This looks quite similar, yet incredibly more verbose than MySQL’s INSERT .. ON DUPLICATE KEY UPDATE statement, which is a bit more concise.

Taking it to the extreme

But you can go further! As I said previously, you may also want to mark ALL documents as read, for a given person. No problem with MERGE. The following statement does the same as the previous one, if you specify :docu_id. If you leave it null, it will just mark all documents as :flag:

MERGE INTO document_person dst

-- The data source is now all "documents" (or just :docu_id) left outer
-- joined with the "document_person" mapping
USING (
  SELECT d.id     as docu_id,
         :pers_id as pers_id,
         :flag    as flag
  FROM documents d
  LEFT OUTER JOIN document_person d_p
  ON d.id = d_p.docu_id AND d_p.pers_id = :pers_id
  -- If :docu_id is set, select only that document
  WHERE (:docu_id IS NOT NULL AND d.id = :docu_id)
  -- Otherwise, select all documents
     OR (:docu_id IS NULL)
) src

-- If the mapping already exists, update.
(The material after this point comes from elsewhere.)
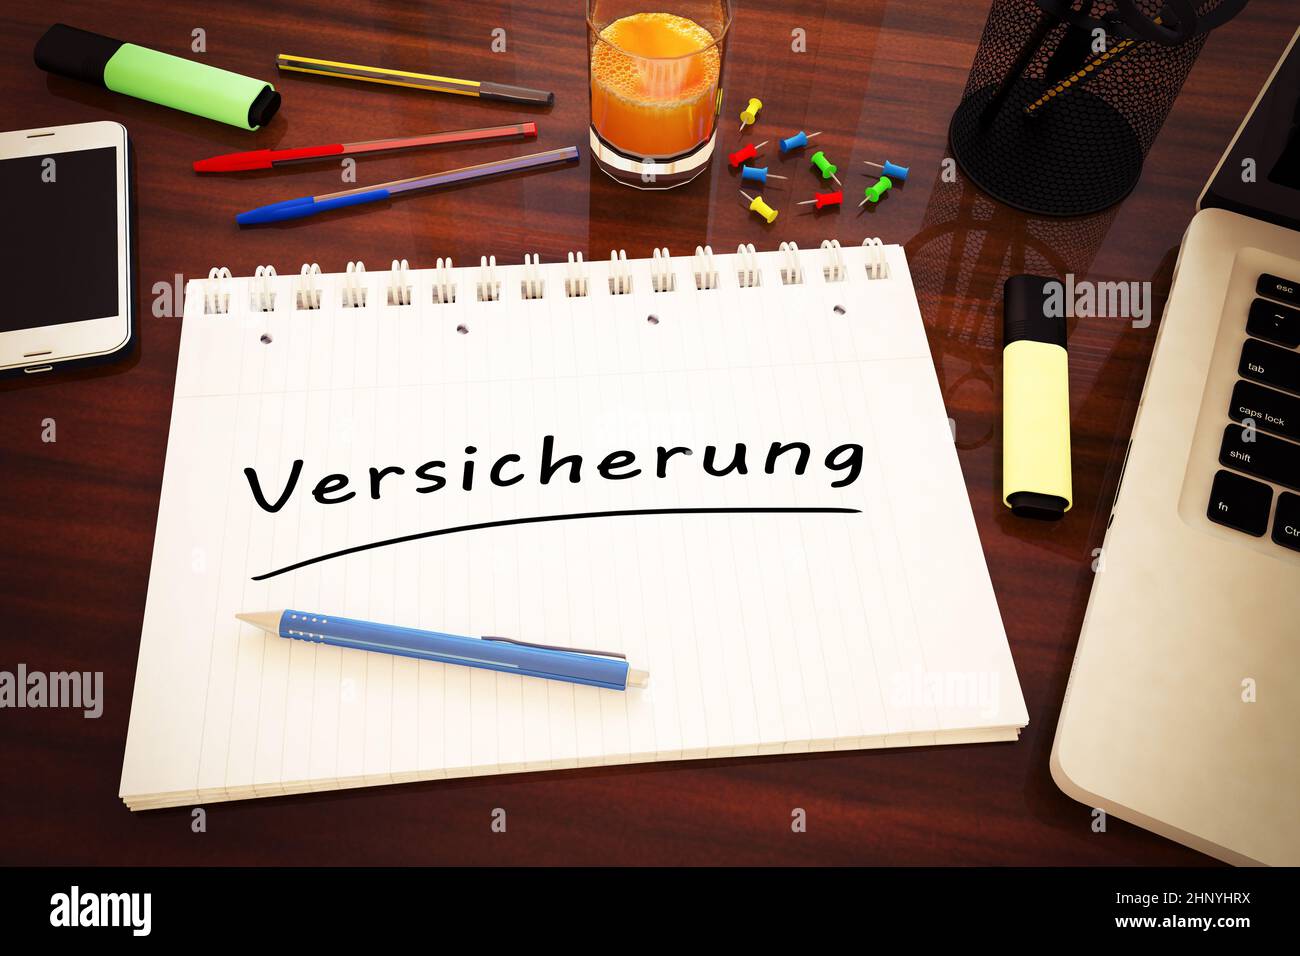 Versicherung - german word for insurance or assurance - handwritten text in a notebook on a desk - 3d render illustration. Stock Photo

Else, insert
ON (dst.docu_id = src.docu_id AND dst.pers_id = src.pers_id)

-- The rest stays the same
WHEN MATCHED THEN UPDATE SET
  dst.flag = src.flag
WHEN NOT MATCHED THEN INSERT (
  dst.docu_id,
  dst.pers_id,
  dst.flag
)
VALUES (
  src.docu_id,
  src.pers_id,
  src.flag
)

MERGE support in jOOQ

MERGE is also fully supported in jOOQ. See the manual for more details (scroll to the bottom):

http://www.jooq.org/manual/JOOQ/Query/

Happy merging! :-)